Start of The input

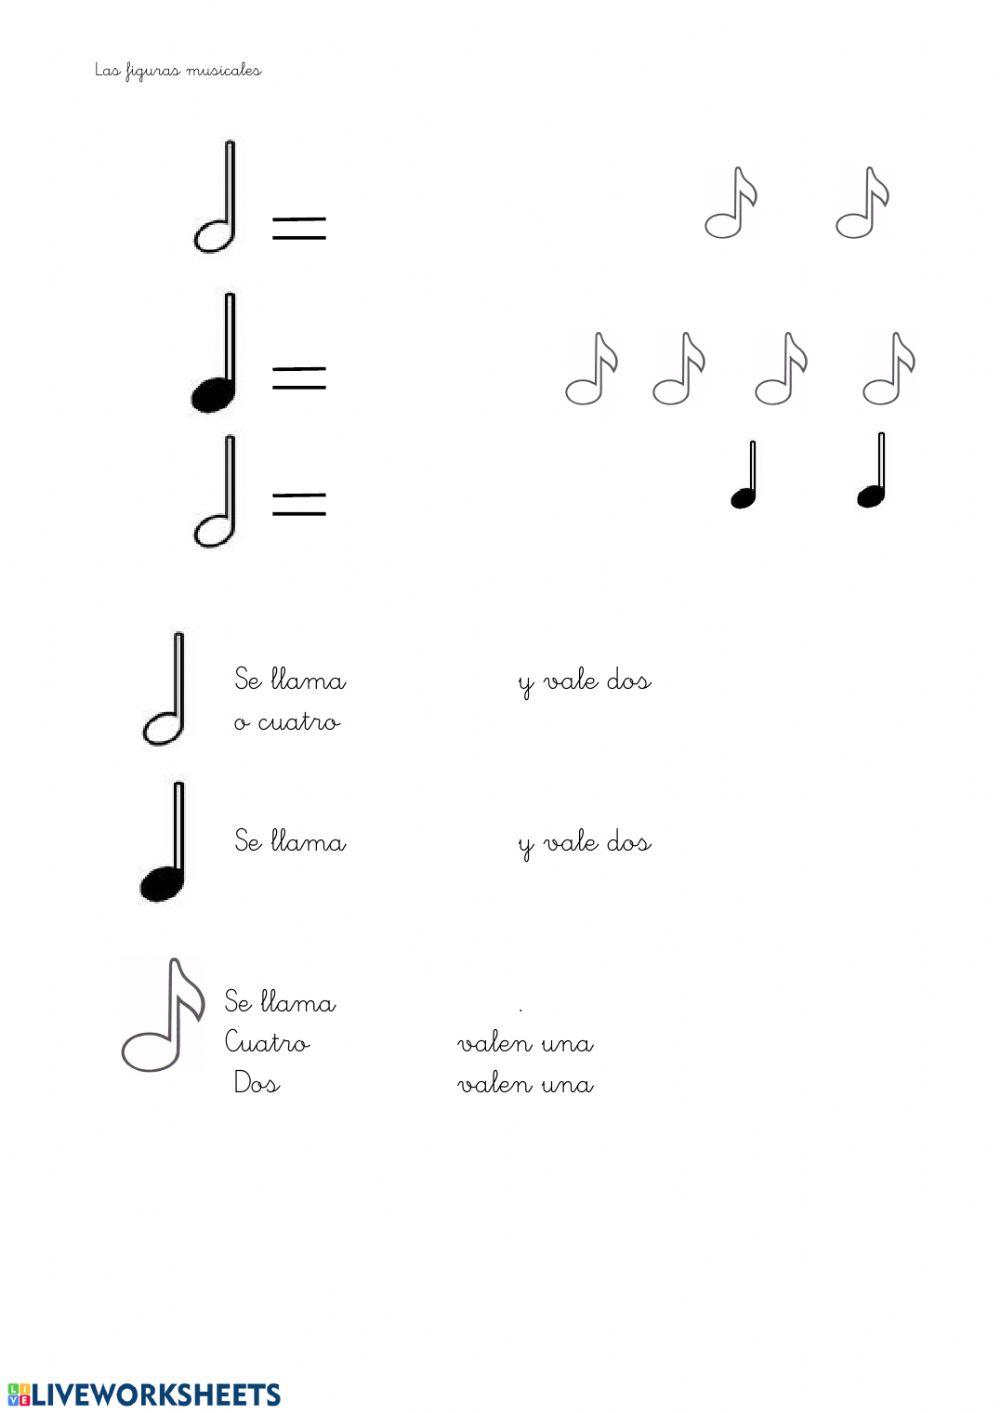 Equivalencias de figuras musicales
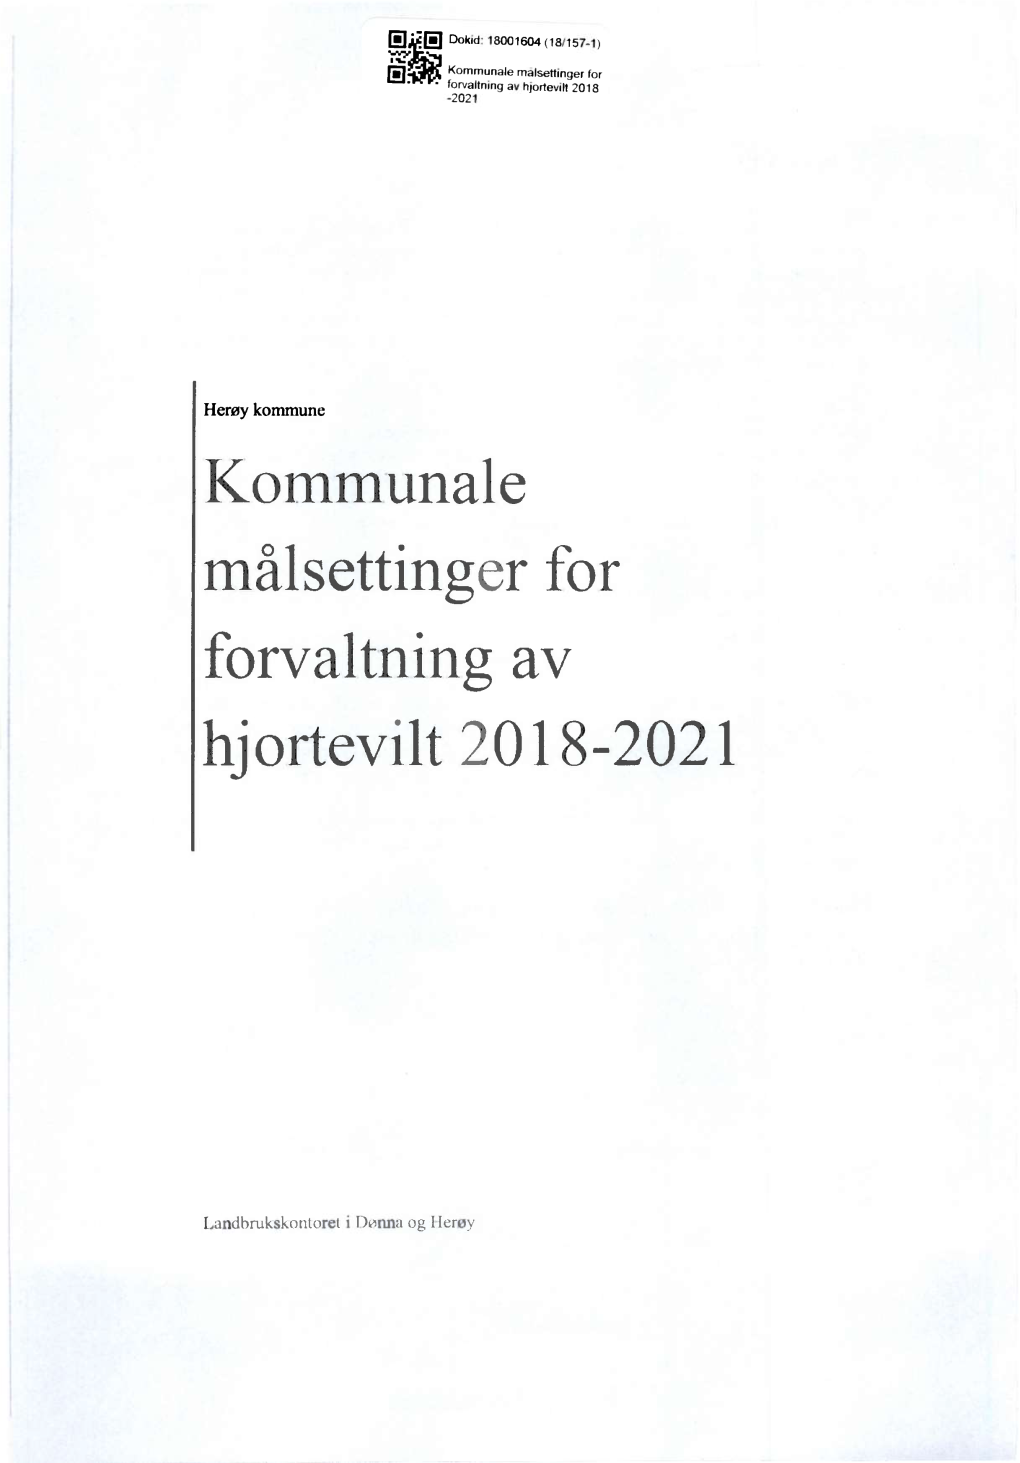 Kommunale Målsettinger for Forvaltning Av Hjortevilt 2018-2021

End of The input
Start of The input

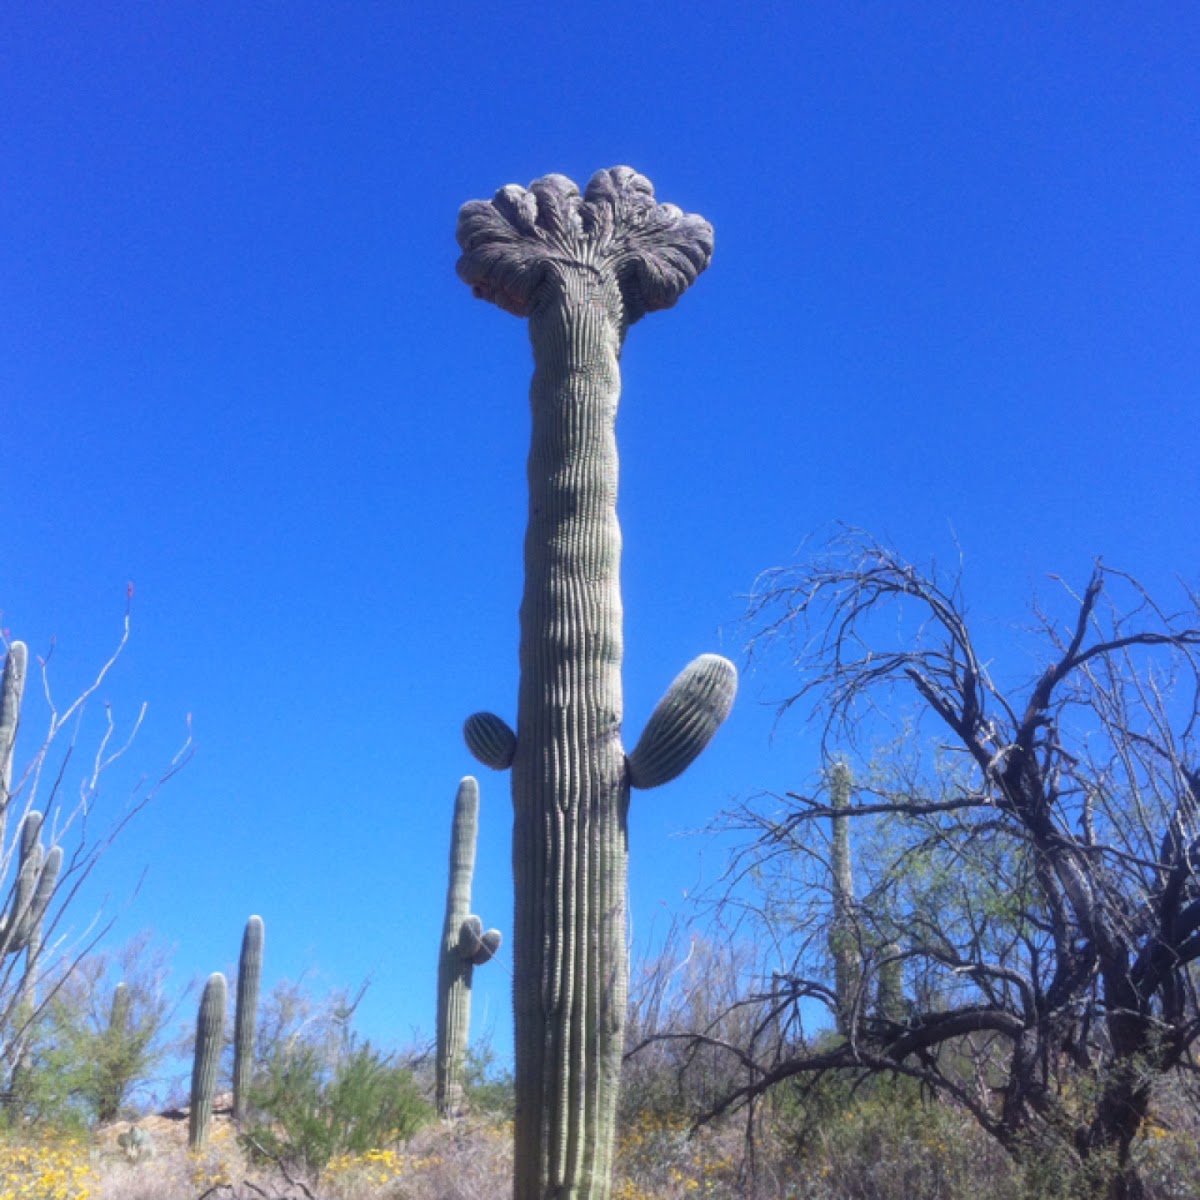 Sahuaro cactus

End of The input
Start of The input

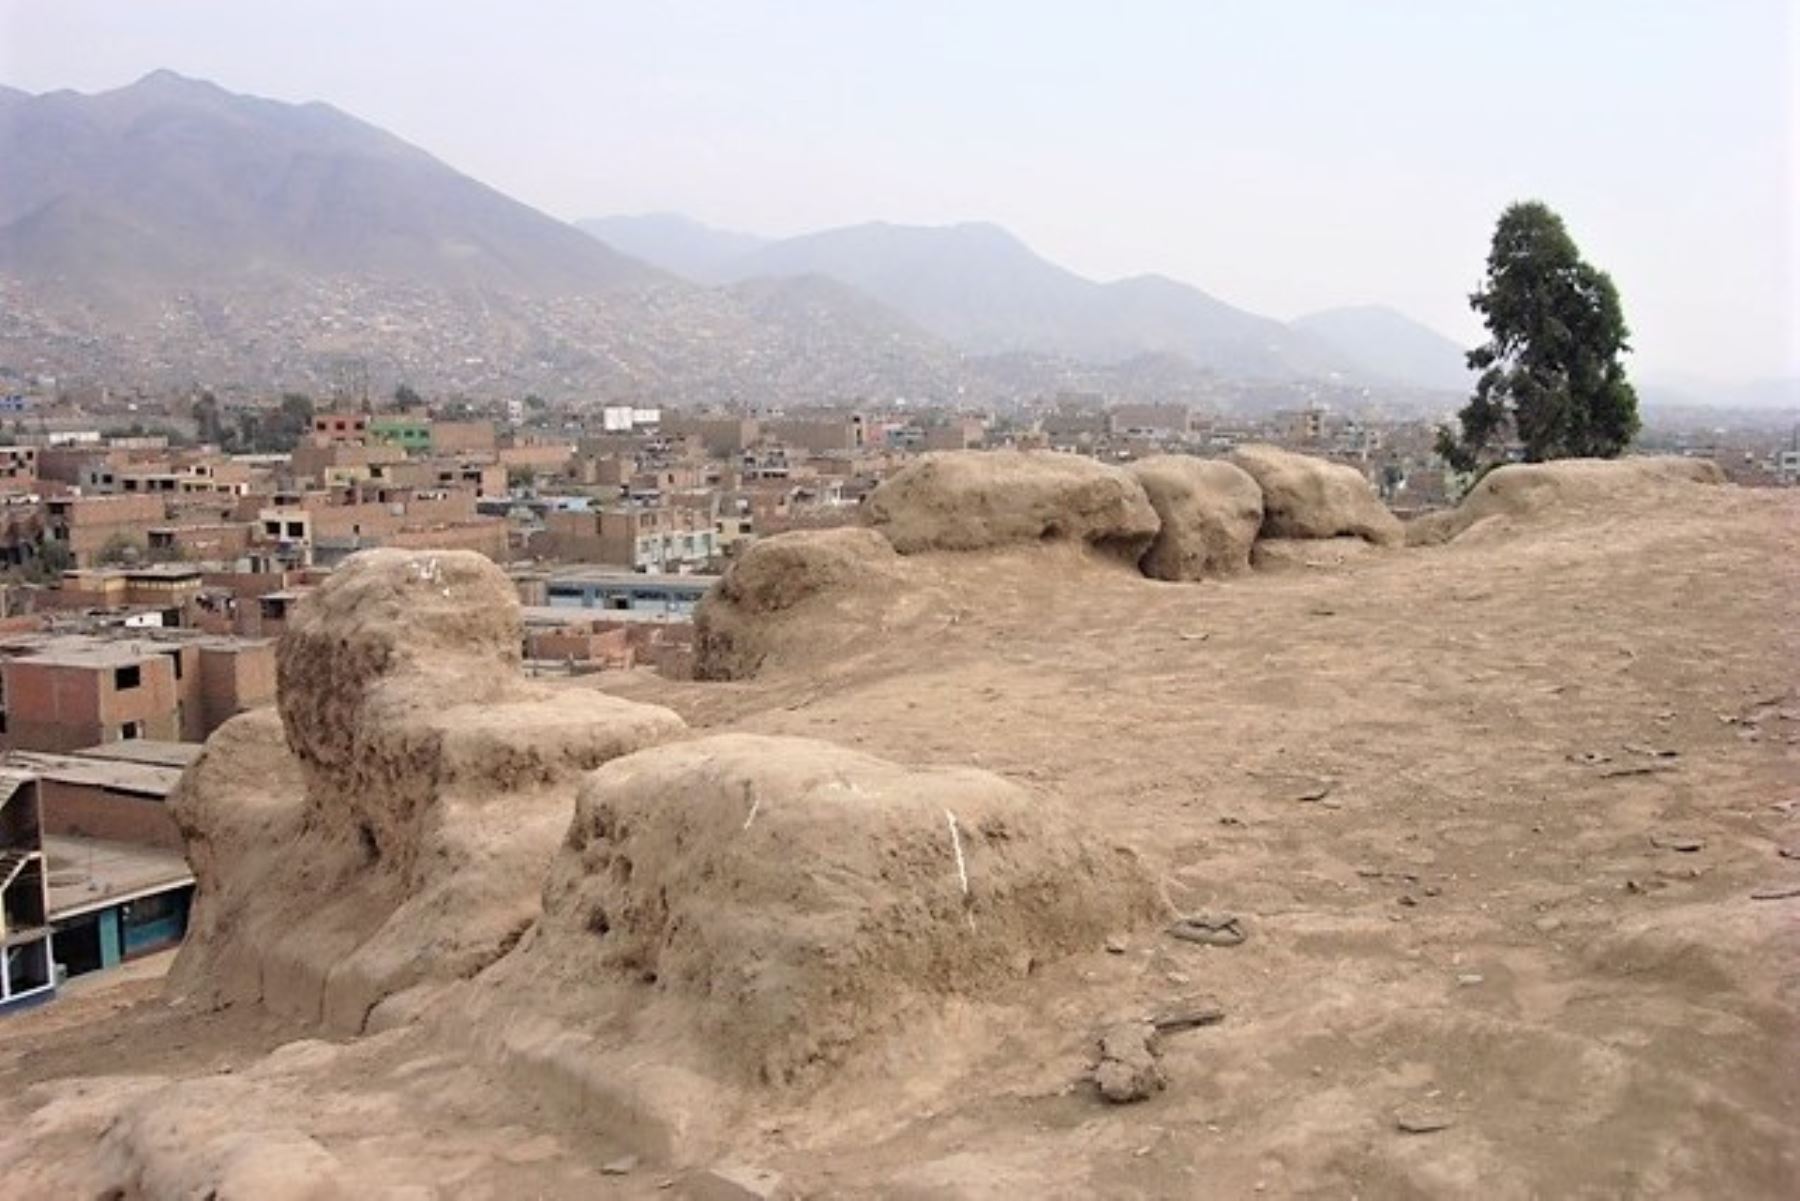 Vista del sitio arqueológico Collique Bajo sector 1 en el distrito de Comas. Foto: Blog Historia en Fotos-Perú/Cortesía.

End of The input

> _Exercise_: Transcribe the listing above exactly, but only from the line with "Equivalencias de figuras musicales" through the line with "Kommunale Målsettinger for". Include both of those lines and omit the pictures.

> _Answer space_:
 Equivalencias de figuras musicales
 Kommunale Målsettinger for Forvaltning Av Hjortevilt 2018-2021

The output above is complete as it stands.